Goal of the exercise = Below is a listing; retype exactly the lines between the one containing "Al momento stai" and the one containing "Chanel 5 eau", inclusive, minus the pictures.

Data excerpts =

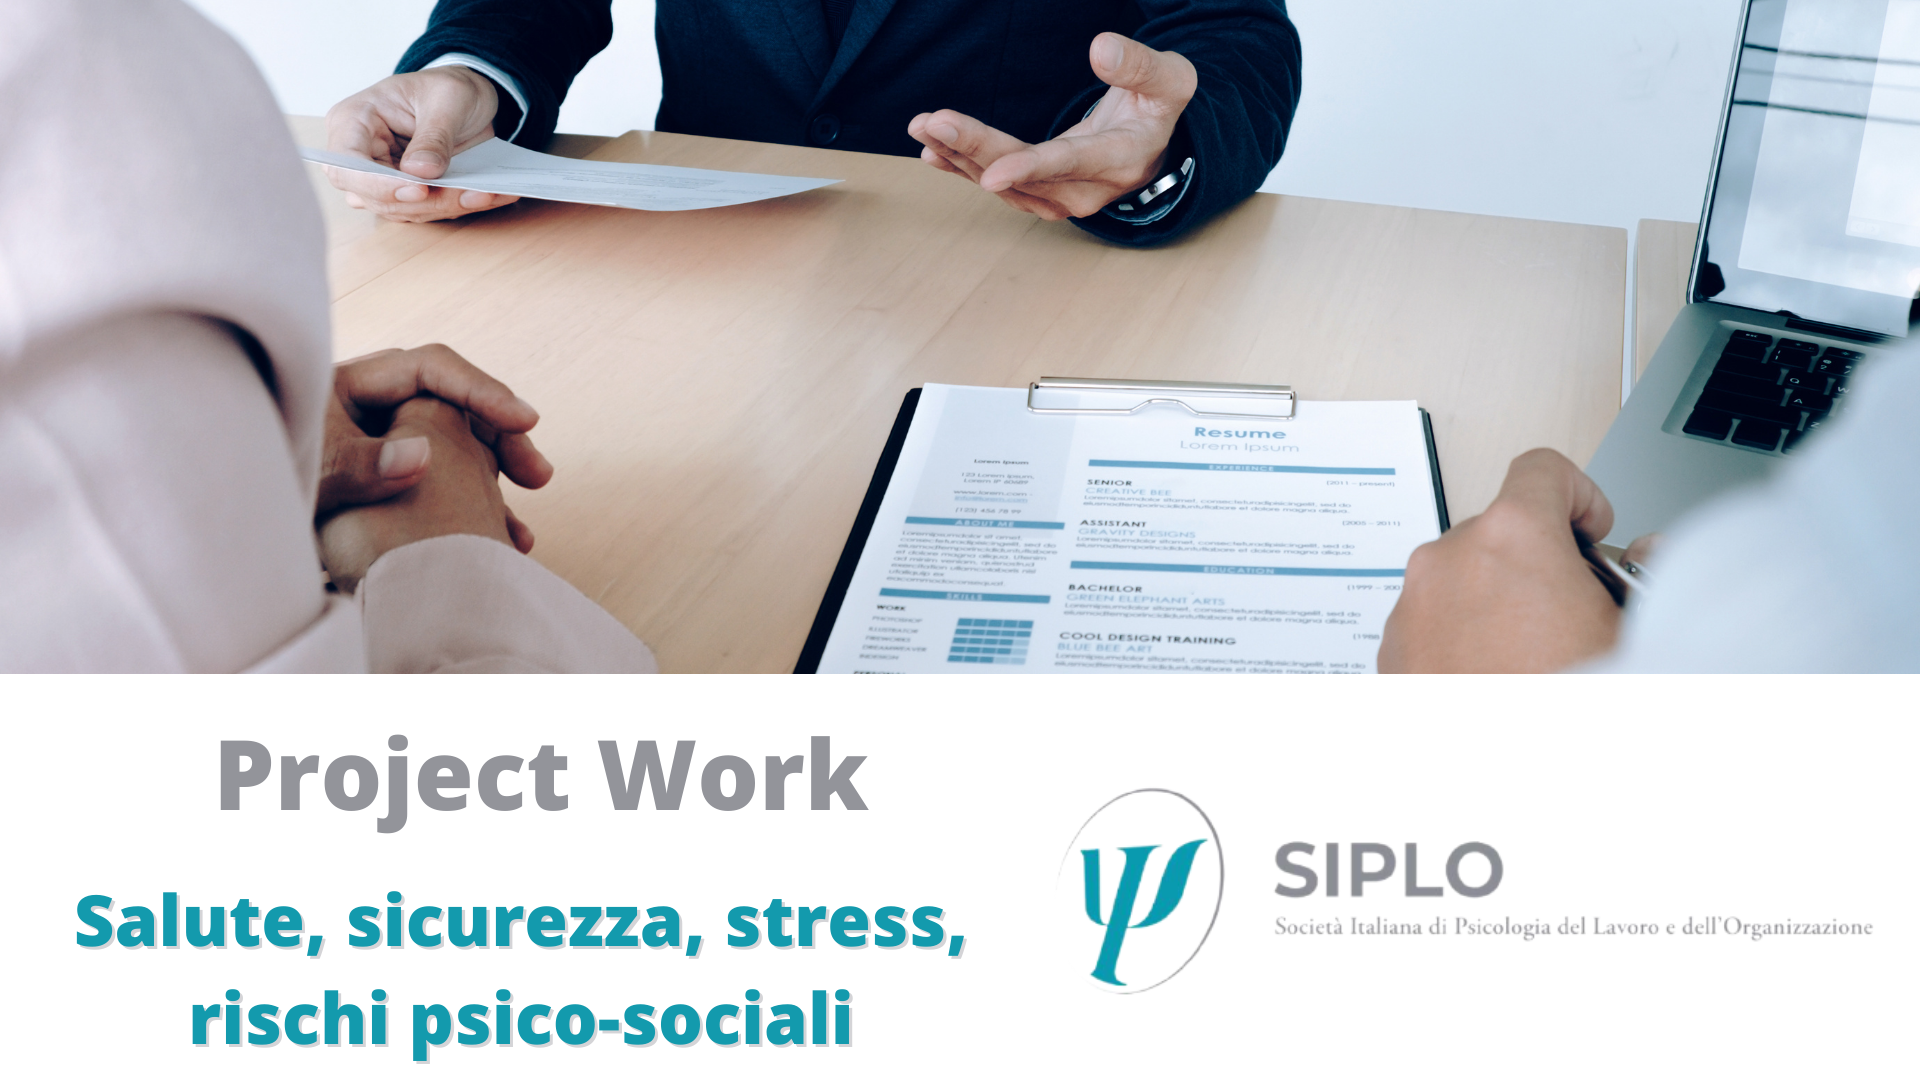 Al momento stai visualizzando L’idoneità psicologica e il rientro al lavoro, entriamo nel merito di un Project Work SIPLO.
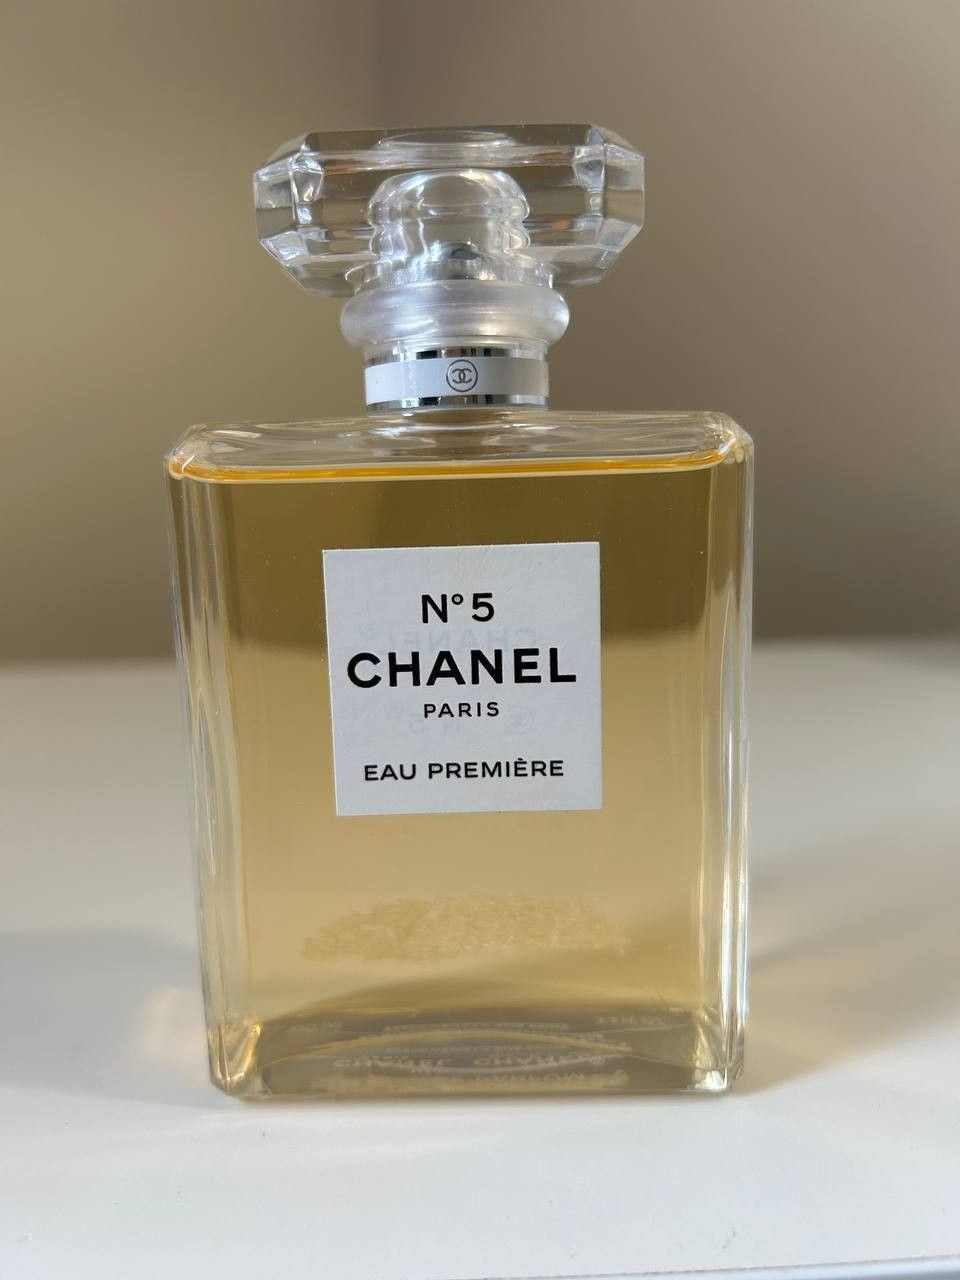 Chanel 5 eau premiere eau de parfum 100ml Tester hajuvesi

--

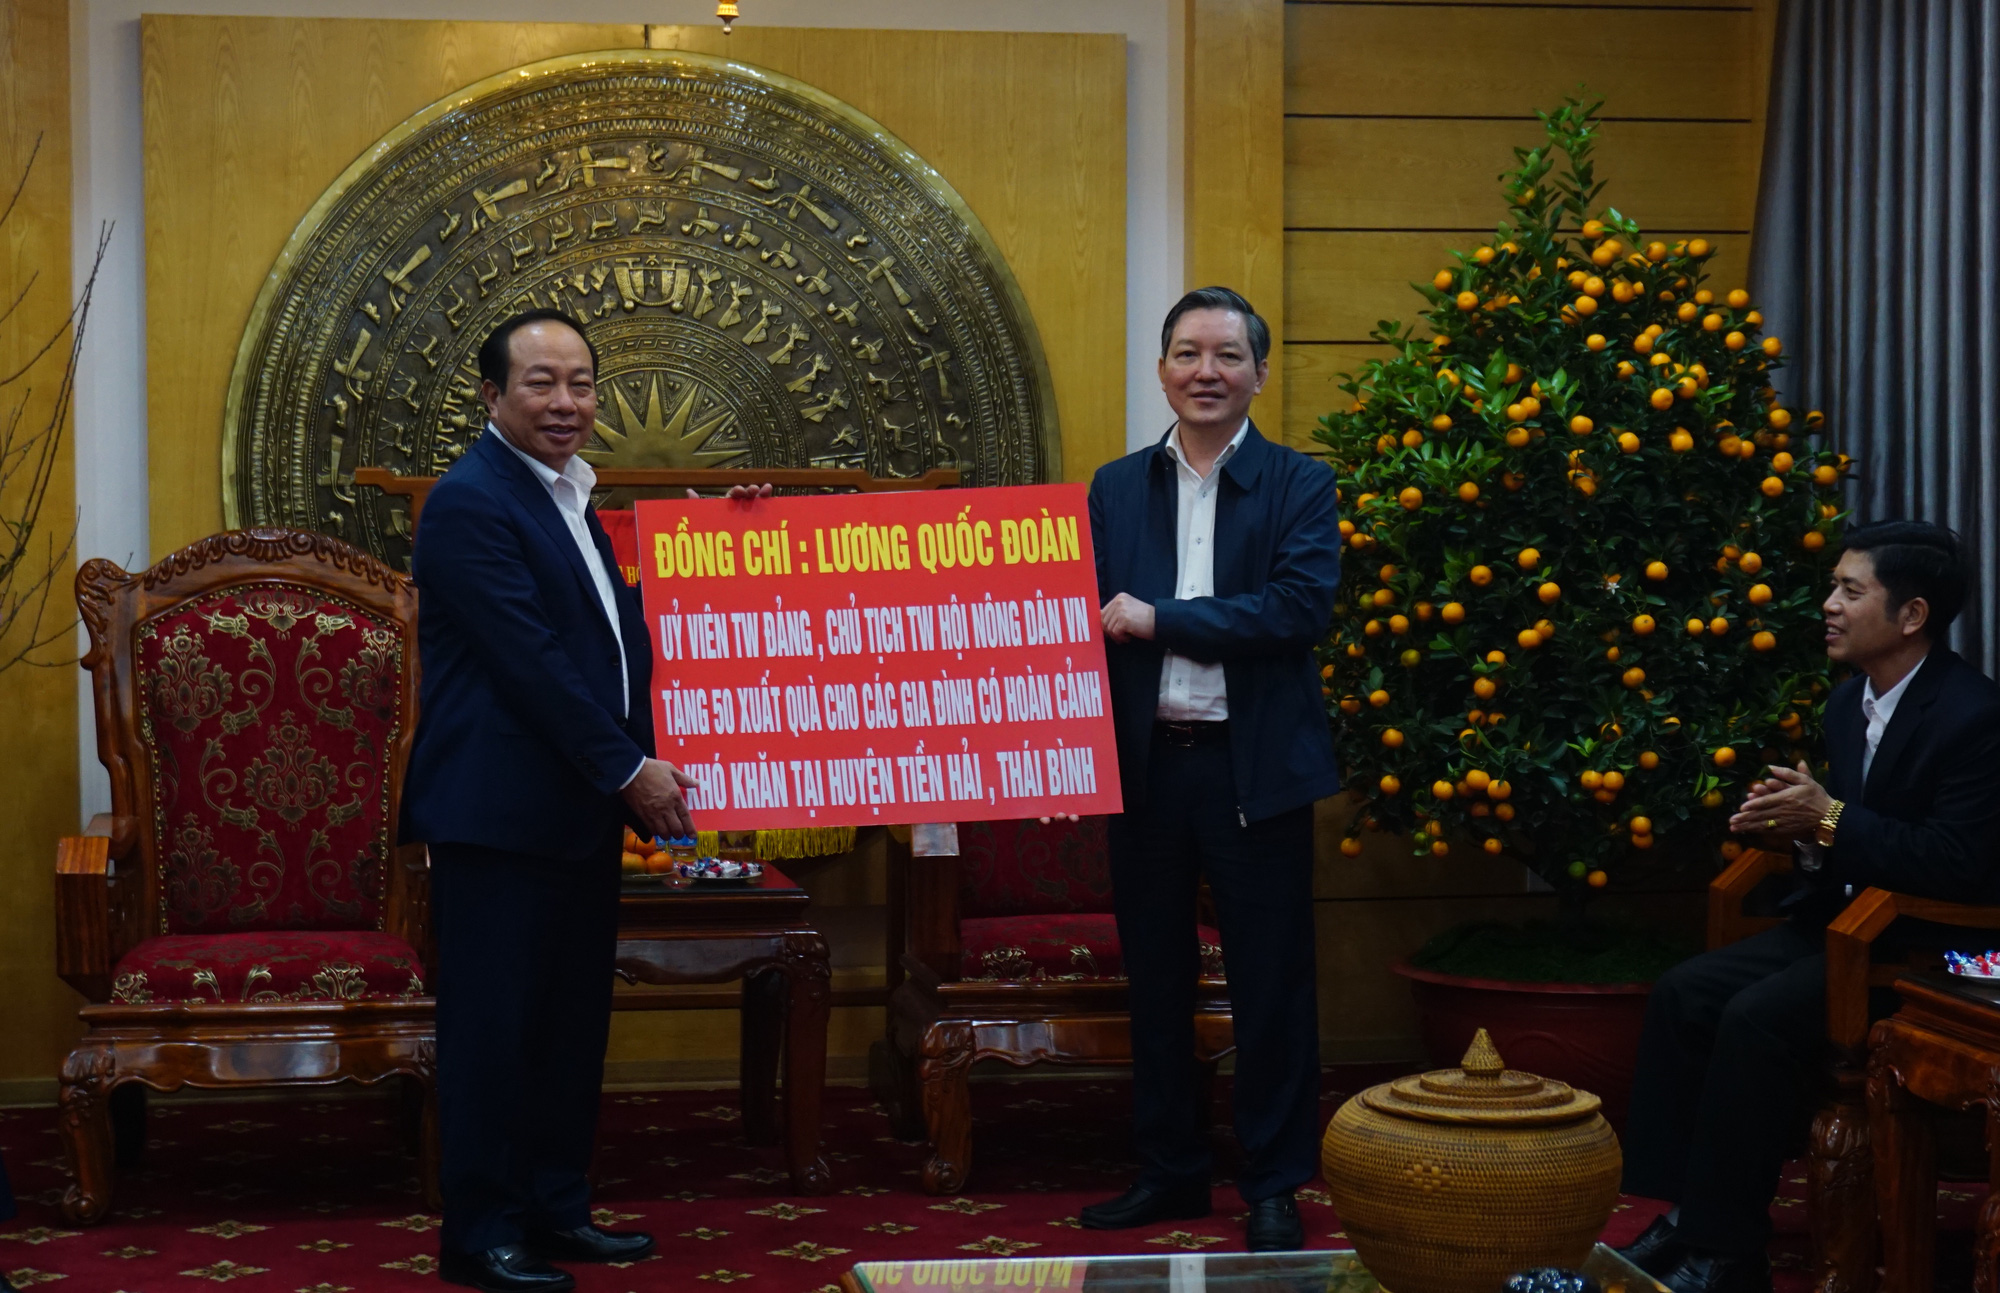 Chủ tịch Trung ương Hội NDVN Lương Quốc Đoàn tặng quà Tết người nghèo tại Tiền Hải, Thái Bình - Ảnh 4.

Solution for this task =
 Al momento stai visualizzando L’idoneità psicologica e il rientro al lavoro, entriamo nel merito di un Project Work SIPLO.
 Chanel 5 eau premiere eau de parfum 100ml Tester hajuvesi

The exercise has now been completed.